To classify a new object from an input vector, put the input vector down each of the trees in the forest. Each tree gives a classification, and we say the tree “votes” for that class. The forest chooses the classification.
Strengths and weaknesses :-
Strengths -
The following are some of the important strengths of random forests.
It runs efficiently on large data bases.
It can handle thousands of input variables without variable deletion.
It gives estimates of what variables are important in the classification.
It has an effective method for estimating missing data and maintains accuracy when a large proportion of the data are missing.
Generated forests can be saved for future use on other data.
Prototypes are computed that give information about the relation between the variables and the classification.
The capabilities of the above can be extended to unlabeled data, leading to unsupervised clustering, data views and outlier detection.
It offers an experimental method for detecting variable interactions.
Random forest run times are quite fast, and they are able to deal with unbalanced and missing data.
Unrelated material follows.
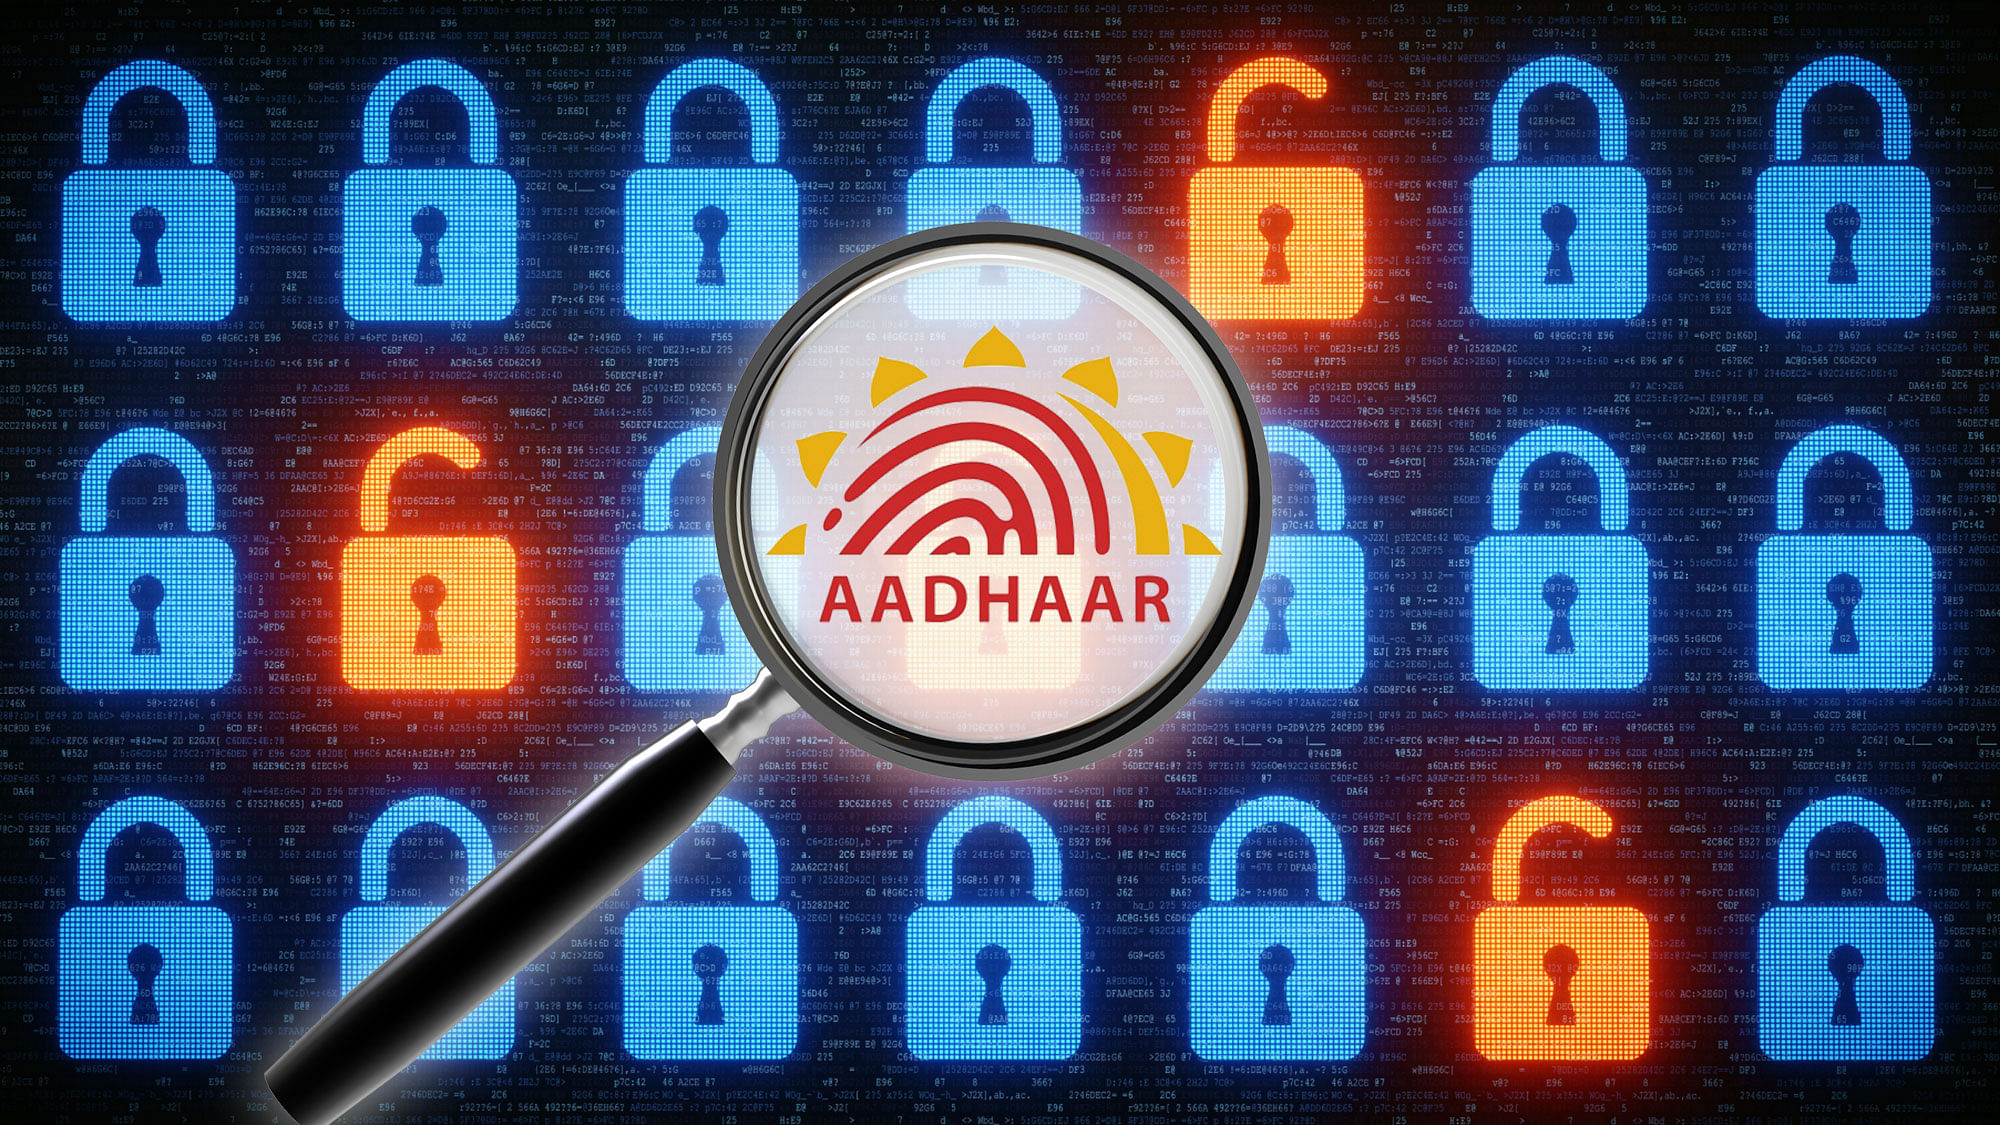 VID will be a temporary, revocable 16-digit random number mapped with the Aadhaar number.

They can handle binary features, categorical features, numerical features without any need for scaling.
There are lots of excellent, free, and open-source implementations of the random forest algorithm. We can find a good implementation in almost all major ML libraries and toolkits.
Weaknesses -
A weakness of random forest algorithms is that when used for regression they cannot predict beyond the range in the training data, and that they may over-fit data sets that are particularly noisy.
The sizes of the models created by random forests may be very large. It may take hundreds of megabytes of memory and may be slow to evaluate.
Random forest models are black boxes that are very hard to interpret.